(Stored dataset items)

--- START ---

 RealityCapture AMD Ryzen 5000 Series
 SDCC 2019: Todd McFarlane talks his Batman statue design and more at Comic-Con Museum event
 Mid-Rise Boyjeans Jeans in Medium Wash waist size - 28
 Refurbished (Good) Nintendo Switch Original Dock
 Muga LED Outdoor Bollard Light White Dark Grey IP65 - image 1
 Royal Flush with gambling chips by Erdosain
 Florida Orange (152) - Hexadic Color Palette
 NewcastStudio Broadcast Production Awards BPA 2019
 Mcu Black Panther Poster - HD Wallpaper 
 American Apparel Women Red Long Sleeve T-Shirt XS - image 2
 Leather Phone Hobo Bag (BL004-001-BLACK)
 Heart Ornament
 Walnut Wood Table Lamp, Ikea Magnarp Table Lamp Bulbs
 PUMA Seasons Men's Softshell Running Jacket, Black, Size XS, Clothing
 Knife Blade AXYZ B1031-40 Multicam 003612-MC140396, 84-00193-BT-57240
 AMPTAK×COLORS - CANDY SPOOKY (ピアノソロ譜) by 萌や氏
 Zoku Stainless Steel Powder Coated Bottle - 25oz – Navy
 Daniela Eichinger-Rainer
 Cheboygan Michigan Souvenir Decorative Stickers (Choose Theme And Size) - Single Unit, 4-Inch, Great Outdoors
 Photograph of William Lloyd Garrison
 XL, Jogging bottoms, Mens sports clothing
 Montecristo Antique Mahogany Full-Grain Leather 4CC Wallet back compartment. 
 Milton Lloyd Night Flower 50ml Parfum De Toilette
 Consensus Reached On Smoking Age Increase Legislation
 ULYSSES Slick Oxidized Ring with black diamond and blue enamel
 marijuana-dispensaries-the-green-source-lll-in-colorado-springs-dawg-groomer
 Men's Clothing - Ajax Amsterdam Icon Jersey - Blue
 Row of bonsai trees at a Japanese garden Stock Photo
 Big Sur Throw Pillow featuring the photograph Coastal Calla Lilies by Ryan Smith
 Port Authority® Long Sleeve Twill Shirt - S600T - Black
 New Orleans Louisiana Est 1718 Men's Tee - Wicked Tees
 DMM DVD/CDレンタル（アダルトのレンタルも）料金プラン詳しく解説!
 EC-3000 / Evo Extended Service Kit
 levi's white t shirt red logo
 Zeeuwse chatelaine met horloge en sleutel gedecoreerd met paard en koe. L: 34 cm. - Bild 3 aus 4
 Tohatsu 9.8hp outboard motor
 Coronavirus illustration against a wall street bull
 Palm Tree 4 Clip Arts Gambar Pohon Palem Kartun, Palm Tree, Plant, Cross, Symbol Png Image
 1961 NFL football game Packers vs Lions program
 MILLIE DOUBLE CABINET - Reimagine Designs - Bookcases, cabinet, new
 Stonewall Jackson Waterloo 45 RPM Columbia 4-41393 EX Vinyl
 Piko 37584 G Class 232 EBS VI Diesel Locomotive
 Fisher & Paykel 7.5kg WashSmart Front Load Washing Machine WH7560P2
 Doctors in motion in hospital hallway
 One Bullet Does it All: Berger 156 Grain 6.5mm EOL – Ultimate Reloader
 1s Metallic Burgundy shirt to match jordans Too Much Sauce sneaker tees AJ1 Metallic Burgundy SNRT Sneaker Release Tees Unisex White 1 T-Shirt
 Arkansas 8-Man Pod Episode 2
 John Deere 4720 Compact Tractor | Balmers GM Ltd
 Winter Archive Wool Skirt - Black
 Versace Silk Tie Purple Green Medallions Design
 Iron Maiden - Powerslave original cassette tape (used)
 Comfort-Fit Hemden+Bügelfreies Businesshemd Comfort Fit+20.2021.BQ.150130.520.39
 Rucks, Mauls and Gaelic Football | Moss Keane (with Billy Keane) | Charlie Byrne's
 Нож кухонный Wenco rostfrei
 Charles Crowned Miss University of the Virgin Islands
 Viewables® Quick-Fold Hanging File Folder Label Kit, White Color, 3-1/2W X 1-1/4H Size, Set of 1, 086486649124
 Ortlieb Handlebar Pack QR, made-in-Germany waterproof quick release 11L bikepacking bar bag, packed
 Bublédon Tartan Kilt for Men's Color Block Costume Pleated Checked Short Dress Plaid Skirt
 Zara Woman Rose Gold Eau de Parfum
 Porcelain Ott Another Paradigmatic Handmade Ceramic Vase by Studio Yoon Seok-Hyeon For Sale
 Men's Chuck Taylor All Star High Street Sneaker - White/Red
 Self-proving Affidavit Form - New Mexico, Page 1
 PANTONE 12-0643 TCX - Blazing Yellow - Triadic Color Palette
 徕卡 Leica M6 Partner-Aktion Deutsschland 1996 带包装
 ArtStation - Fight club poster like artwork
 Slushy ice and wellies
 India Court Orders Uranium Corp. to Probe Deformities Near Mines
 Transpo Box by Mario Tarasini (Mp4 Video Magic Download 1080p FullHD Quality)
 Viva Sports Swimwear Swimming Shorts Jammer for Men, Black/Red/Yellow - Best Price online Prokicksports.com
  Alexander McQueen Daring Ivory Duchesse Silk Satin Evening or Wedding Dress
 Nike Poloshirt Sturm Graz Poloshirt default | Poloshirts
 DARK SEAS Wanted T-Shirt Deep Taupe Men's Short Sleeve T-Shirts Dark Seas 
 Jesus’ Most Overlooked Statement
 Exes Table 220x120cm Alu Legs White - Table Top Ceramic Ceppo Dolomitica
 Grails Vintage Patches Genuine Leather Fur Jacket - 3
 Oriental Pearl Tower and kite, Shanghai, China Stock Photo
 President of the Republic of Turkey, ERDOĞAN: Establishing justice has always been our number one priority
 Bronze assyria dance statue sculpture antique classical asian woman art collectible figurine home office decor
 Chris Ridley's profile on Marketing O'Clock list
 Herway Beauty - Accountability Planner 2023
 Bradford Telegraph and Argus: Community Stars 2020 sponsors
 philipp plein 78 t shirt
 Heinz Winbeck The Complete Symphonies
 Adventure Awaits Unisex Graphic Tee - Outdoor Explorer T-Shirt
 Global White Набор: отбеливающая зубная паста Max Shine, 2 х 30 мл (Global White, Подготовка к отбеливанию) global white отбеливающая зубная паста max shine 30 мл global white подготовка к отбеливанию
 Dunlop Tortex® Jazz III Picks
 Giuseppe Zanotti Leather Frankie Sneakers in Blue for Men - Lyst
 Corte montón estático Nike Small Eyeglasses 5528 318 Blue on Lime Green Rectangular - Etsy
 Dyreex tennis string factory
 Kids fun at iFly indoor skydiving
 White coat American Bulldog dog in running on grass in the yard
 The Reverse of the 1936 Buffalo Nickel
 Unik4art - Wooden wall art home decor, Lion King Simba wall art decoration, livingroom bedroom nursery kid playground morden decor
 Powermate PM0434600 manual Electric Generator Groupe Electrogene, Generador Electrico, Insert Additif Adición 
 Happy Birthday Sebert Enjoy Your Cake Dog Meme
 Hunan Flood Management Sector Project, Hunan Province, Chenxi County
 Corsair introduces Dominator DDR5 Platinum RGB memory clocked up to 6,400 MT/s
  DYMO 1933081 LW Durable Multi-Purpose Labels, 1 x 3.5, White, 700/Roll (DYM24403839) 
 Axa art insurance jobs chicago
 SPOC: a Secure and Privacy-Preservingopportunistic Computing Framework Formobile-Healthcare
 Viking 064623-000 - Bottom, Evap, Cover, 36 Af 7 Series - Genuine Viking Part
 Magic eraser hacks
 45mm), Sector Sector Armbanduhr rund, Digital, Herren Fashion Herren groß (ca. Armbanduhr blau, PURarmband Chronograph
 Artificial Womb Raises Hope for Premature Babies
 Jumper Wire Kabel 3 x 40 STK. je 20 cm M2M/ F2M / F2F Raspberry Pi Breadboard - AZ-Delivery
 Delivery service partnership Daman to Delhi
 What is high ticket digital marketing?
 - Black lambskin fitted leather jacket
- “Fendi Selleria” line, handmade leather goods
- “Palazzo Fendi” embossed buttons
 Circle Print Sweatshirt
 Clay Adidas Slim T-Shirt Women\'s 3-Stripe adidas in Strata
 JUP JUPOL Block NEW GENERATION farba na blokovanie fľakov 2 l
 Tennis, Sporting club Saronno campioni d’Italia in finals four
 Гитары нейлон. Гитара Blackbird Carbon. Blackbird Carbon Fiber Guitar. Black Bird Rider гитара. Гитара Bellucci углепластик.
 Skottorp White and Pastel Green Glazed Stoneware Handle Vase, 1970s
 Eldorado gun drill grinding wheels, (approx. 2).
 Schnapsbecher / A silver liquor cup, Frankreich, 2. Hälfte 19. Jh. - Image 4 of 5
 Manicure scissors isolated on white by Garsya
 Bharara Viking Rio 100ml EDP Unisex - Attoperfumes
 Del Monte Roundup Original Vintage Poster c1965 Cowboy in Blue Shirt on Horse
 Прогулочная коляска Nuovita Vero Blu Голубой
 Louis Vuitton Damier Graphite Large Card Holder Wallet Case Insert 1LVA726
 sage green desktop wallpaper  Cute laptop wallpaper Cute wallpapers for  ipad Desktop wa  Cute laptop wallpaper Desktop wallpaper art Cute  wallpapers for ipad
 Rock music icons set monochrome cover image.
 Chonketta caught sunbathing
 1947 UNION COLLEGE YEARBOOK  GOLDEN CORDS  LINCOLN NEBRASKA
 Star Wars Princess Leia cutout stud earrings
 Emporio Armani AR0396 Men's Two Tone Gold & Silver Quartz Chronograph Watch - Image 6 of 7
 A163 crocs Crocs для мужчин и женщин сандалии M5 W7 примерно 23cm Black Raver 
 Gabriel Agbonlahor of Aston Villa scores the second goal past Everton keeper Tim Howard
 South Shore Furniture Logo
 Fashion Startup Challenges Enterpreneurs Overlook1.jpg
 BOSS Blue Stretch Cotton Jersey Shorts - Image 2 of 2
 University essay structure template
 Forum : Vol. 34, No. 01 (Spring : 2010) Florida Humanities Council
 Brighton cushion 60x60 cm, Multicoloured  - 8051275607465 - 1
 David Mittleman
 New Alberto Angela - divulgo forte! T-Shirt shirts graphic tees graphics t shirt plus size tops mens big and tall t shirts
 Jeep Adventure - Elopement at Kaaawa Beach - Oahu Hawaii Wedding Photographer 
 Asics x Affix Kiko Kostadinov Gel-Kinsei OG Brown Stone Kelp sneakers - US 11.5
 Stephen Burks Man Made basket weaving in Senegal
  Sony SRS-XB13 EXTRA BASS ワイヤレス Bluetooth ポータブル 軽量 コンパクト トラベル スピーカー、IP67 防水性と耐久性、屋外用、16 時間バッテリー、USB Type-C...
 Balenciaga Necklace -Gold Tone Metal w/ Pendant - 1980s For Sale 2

--- END ---

■ Work instruction ■
In the entries above, restate word for word the lines between the one holding "Row of bonsai" and the one holding "Arkansas 8-Man Pod Episode 2", inclusive, and nothing besides.

■ Finished task ■
 Row of bonsai trees at a Japanese garden Stock Photo
 Big Sur Throw Pillow featuring the photograph Coastal Calla Lilies by Ryan Smith
 Port Authority® Long Sleeve Twill Shirt - S600T - Black
 New Orleans Louisiana Est 1718 Men's Tee - Wicked Tees
 DMM DVD/CDレンタル（アダルトのレンタルも）料金プラン詳しく解説!
 EC-3000 / Evo Extended Service Kit
 levi's white t shirt red logo
 Zeeuwse chatelaine met horloge en sleutel gedecoreerd met paard en koe. L: 34 cm. - Bild 3 aus 4
 Tohatsu 9.8hp outboard motor
 Coronavirus illustration against a wall street bull
 Palm Tree 4 Clip Arts Gambar Pohon Palem Kartun, Palm Tree, Plant, Cross, Symbol Png Image
 1961 NFL football game Packers vs Lions program
 MILLIE DOUBLE CABINET - Reimagine Designs - Bookcases, cabinet, new
 Stonewall Jackson Waterloo 45 RPM Columbia 4-41393 EX Vinyl
 Piko 37584 G Class 232 EBS VI Diesel Locomotive
 Fisher & Paykel 7.5kg WashSmart Front Load Washing Machine WH7560P2
 Doctors in motion in hospital hallway
 One Bullet Does it All: Berger 156 Grain 6.5mm EOL – Ultimate Reloader
 1s Metallic Burgundy shirt to match jordans Too Much Sauce sneaker tees AJ1 Metallic Burgundy SNRT Sneaker Release Tees Unisex White 1 T-Shirt
 Arkansas 8-Man Pod Episode 2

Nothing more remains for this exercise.